# BOYU external canister filter



## Kyle Lambert (24 Aug 2013)

So i had used BOYU products in the past with mixed results but i recently came across this little number on ebay recently...

 External Canister aquarium filter BOYU EF-05 media nano 150L/H | eBay

price wise its perfect for me and itll be a nice fit for my 60l tank providing extra filtration alongside my HOB filter thats rated for up to 100l aquariums. I would like to use the HOB for polishing mostly with this external doing most of my biological filtration.

If anyone has used this product before or can come up with something better for a similar price then let me know please.

thanks alot guys.


----------



## soton_dave (24 Aug 2013)

im using one on my shrimp tank and cant fault it,the tanks on my desk and the filters behind my moniter and i cant hear it.

cheers dave


----------



## Kyle Lambert (24 Aug 2013)

thanks for the input! ill definitely consider getting it then. I think if i over filtrate (which i already currently do) i think i can have this tank looking absolutely amazing.


----------



## AshRolls (24 Aug 2013)

I had a look at the BOYU external for nanos and they looks good, after researching them in the end I decided to go for a Resun Cyclone CY-20. Check that out as well if you are looking for this kind of filter.


----------



## Kyle Lambert (24 Aug 2013)

AshRolls said:


> I had a look at the BOYU external for nanos and they looks good, after researching them in the end I decided to go for a Resun Cyclone CY-20. Check that out as well if you are looking for this kind of filter.


 

similar price range? i have to keep to a very tight budget!


----------



## Curvball (24 Aug 2013)

Looks like all those nano canisters are the same just rebadged and rebranded, price ranges are very similar.


Posted from the comfort of my iPhone...


----------



## AshRolls (24 Aug 2013)

Curvball said:


> Looks like all those nano canisters are the same just rebadged and rebranded, price ranges are very similar


 

Yup same price range £22.50 on ebay but I think the Resun isn't just a rebadge. From what I have read the build quality is better on the Resun and looking at the photos it has a different lid. 
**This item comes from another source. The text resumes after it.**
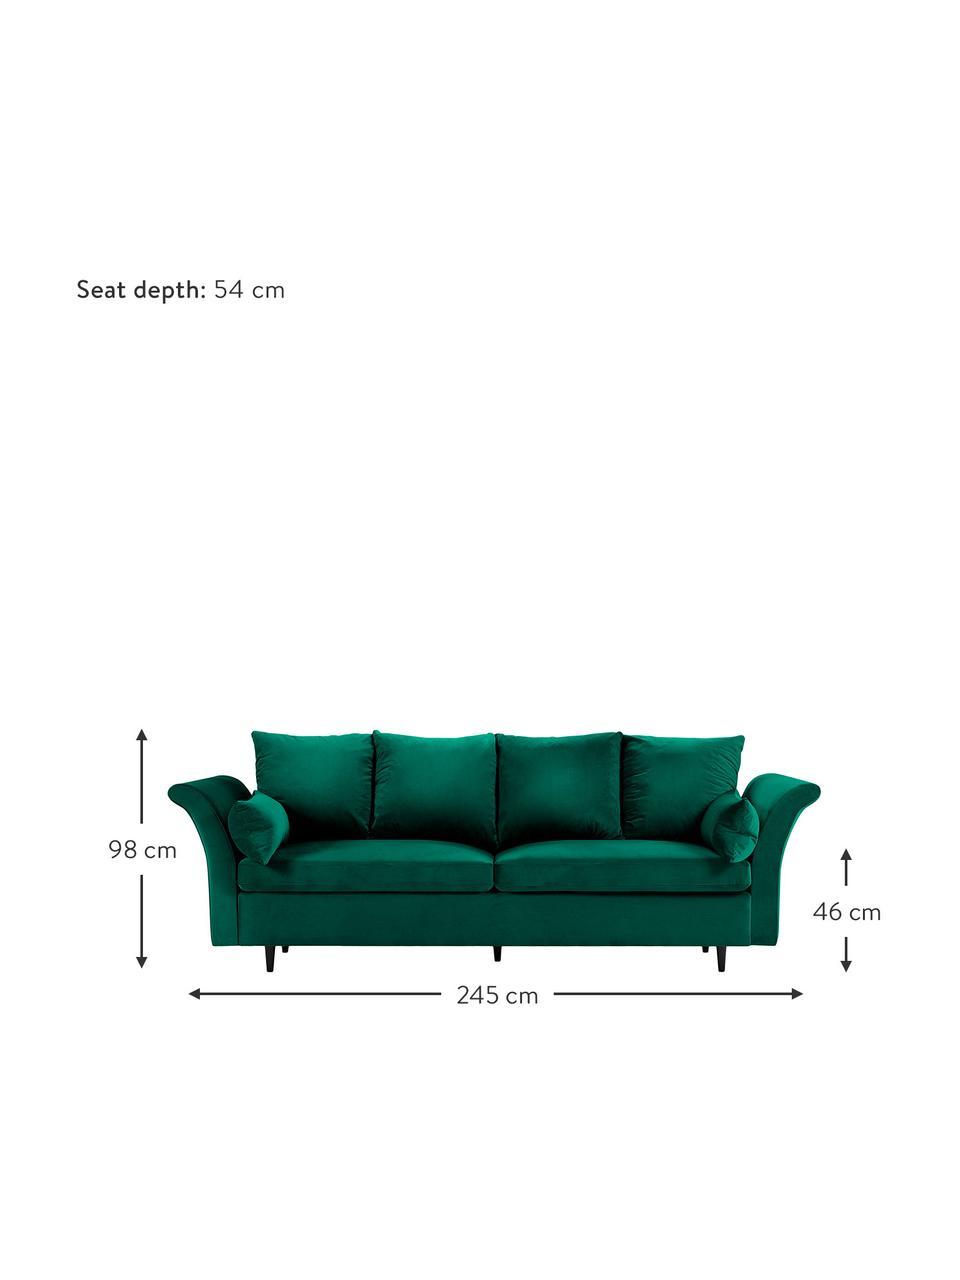 Sofa z aksamitu z funkcją spania i miejscem do przechowywania Lola (3-osobowa), Tapicerka: aksamit poliestrowy Dzięk, Nogi: drewno sosnowe, lakierowa, Butelkowy zielony, S 245 x G 95 cm

The UK Shrimp forums seems like a good resource for reading about these filters but is was a while back and I can't find all of the resources I used to make my decision... 

UK Shrimp • View topic - Small External filter
UK Shrimp • View topic - Query on Resun Cyclone filter.

Note that the APS nano external ifilter is just a Boyu, rebadged.


----------



## Kyle Lambert (24 Aug 2013)

AshRolls said:


> Yup same price range £22.50 on ebay but I think the Resun isn't just a rebadge. From what I have read the build quality is better on the Resun and looking at the photos it has a different lid.
> 
> The UK Shrimp forums seems like a good resource for reading about these filters but is was a while back and I can't find all of the resources I used to make my decision...
> 
> ...


 

Ok good to know. cheers for the info guys!


----------



## 121212 (5 Sep 2013)

I used Boyu External Mini Canister for nano shrimp when I lived in the UK. It worked very good and quiet, no leaking, no problem at all.


----------



## naz (18 Feb 2014)

Just brought the resun external filter,had it for 3 day now and having nothing but problems with it,keeps on getting air build up in side it,then it starts making noises,then it stop after about 12 hour,tried working out wots wrong with it,just took it of tank,and looking at the Boyu one,waisted £23 ....


----------



## Adam humphries (14 Jul 2014)

Just found the re sun for £24 delivered on eBay look ok


----------



## Teresa (8 Jan 2015)

I've just bought the BOYU EF-05 and I'm having difficulty finding information on it (not much in the instruction leaflet that came with it) can anyone please explain to me how you clean it without having to dismantle the entire unit?


----------



## Imorpher (22 Feb 2015)

Has anyone else been having issues with the noise the Boyu puts out?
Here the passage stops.